Man able to enjoy lively party because he's using two hearing aids instead of one.

It’s uncommon for people to get the same degree of hearing loss in both ears simultaneously. Because one ear normally has worse hearing loss than the other, it raises the question: Do I truly need a pair of hearing aids, or can I simply deal with the ear with more significant loss of hearing?

In most cases, two hearing aids are will be better than just one. But there are some instances, dramatically less common instances, that is, that one hearing aid might be the way to go.

You Have Two Ears For a Reason

Your ears efficiently work as a pair whether you’re aware of it or not. That means using two hearing aids has some benefits over wearing one.

  • Being Able to Localize Correctly: In order to determine where sounds are coming from, your brain is not only working to interpret but also to place it. This is a lot easier when your brain is able to triangulate, and in order to do that, it requires solid signals from both ears. When you can only hear well from one ear, it’s a lot harder to figure out where a sound is coming from (which could be indispensable if you happen to live near a busy street, for instance).
  • Improved Ear Health: An unused sense will atrophy just like an unused muscle will. Your hearing can begin to go downhill if your ears don’t receive regular sound input. Wearing hearing aids in both ears guarantees that the organs connected with hearing receive the input necessary to maintain your hearing. If you have tinnitus, using two hearing aids can reduce it and also improve your ability to identify sounds.
  • Modern Hearing Aids Work as a Set: Just as your ears work together normally, more modern hearing aid technology is made to work as a pair. The two hearing aids communicate with one another using sophisticated features and artificial intelligence to, similar to your brain, determine which sounds to focus on and amplify.
  • Tuning in When People Are Talking: If you use a hearing aid, the whole point is to help you in hearing. Other people conversing is something you will definitely need to hear. Because your brain has more sound input when wearing hearing aids, it is better capable of filtering out background noise allowing it to determine what sounds to focus on because they are closer.

Are There Situations Where One Hearing Aid Is Practical?

In most instances, wearing a pair of hearing aids is a better choice. But the question is raised: If someone is using a hearing aid in only one ear, why?
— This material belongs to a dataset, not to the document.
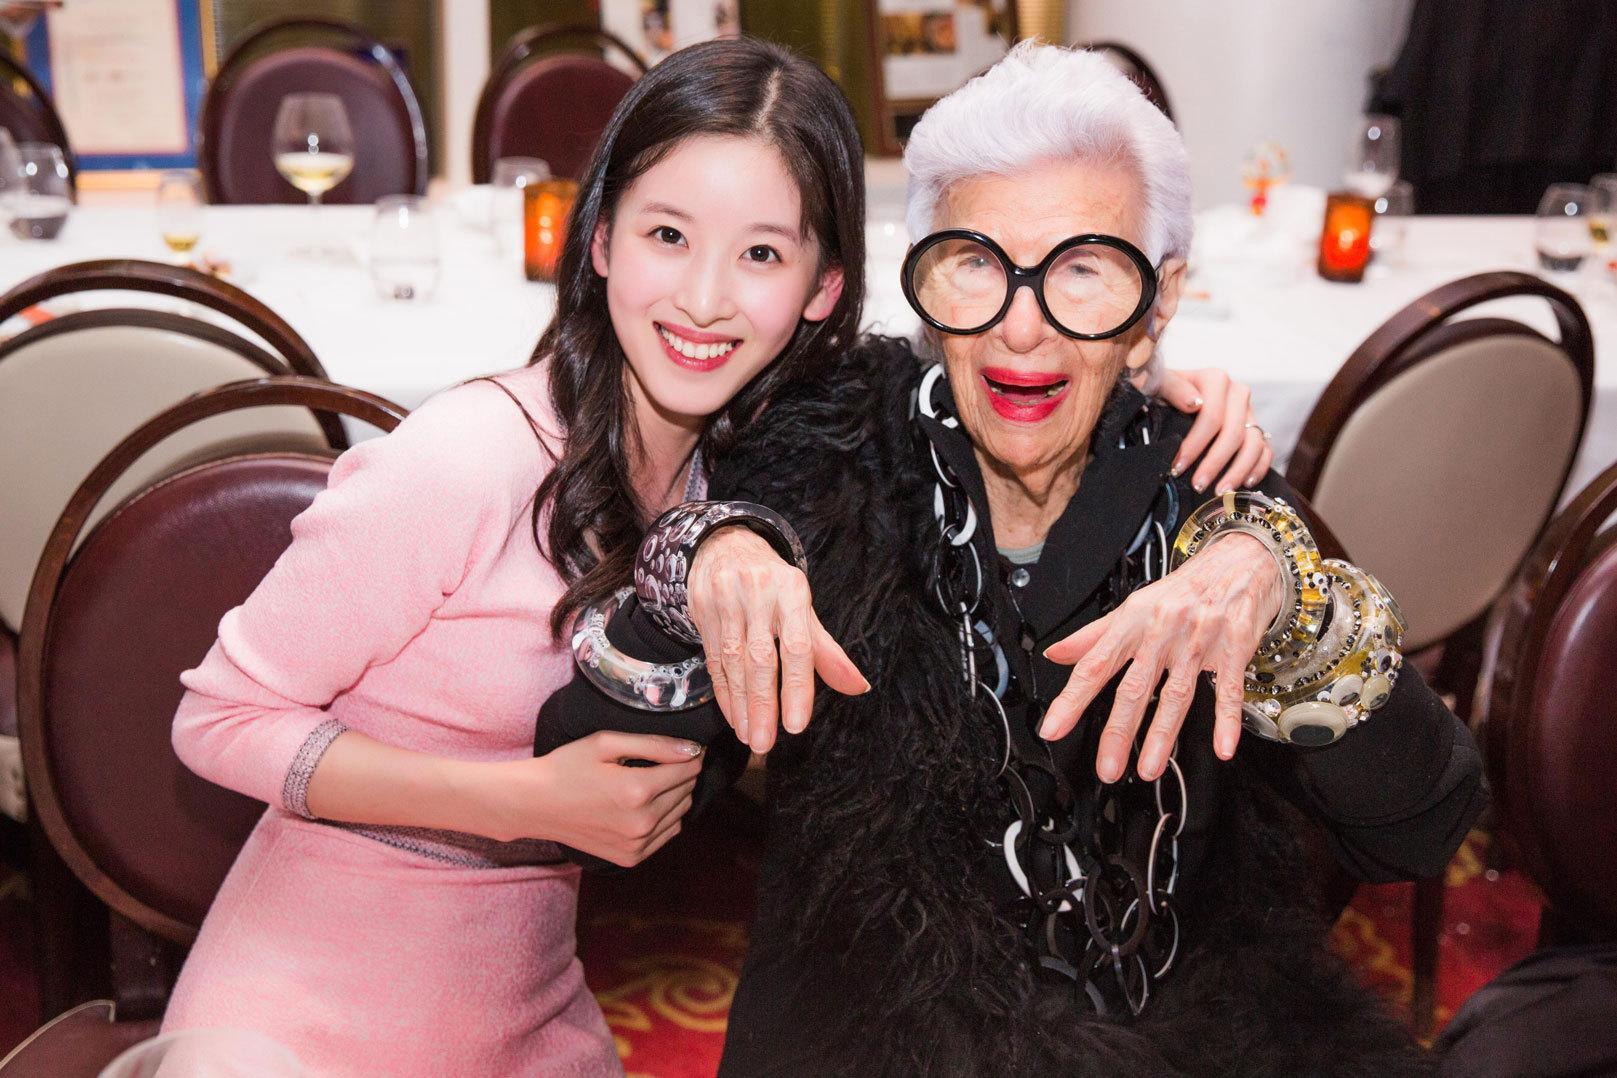 Từ khi lấy chống, hot girl trà sữa Chương Chiết Thiên liên tục diện đồ hiệu, dự sự kiện thời trang danh tiếng-13

Often we hear two specific reasons:

  • You still Hear Perfectly out of one ear: If just one of your ears needs a hearing aid, then you might be best served by using a hearing aid in just one ear but it’s definitely something you should talk to your hearing professional about (having one better ear is not the same thing as having one perfect ear).
  • Monetary concerns: Some people feel that they can save money if they can use only one hearing aid. Purchasing one hearing aid is better then not getting any at all if you can’t really afford a pair. It’s significant to recognize, however, it has been proven that your general health costs will increase if you have untreated hearing loss. Even disregarding hearing loss for two years has been shown to increase your healthcare costs by 26 percent, and ignoring any hearing loss in one ear can elevate your risks for things like falling. So speak with your hearing expert to make sure getting only one hearing aid is a smart idea for you. Finding ways to help make hearing aids more affordable is another service we offer.

One Hearing Aid is Not as Effective as Two

Two hearing aids, however, are going to be better than one for your ears and hearing in the vast majority of instances. There are simply too many advantages to having strong hearing in both ears to disregard. In the majority of circumstances, just like having two ears is better than having one, having two hearing aids is definitely preferable to having only one. Make an appointment with a hearing care professional to have your hearing tested.

The site information is for educational and informational purposes only and does not constitute medical advice. To receive personalized advice or treatment, schedule an appointment.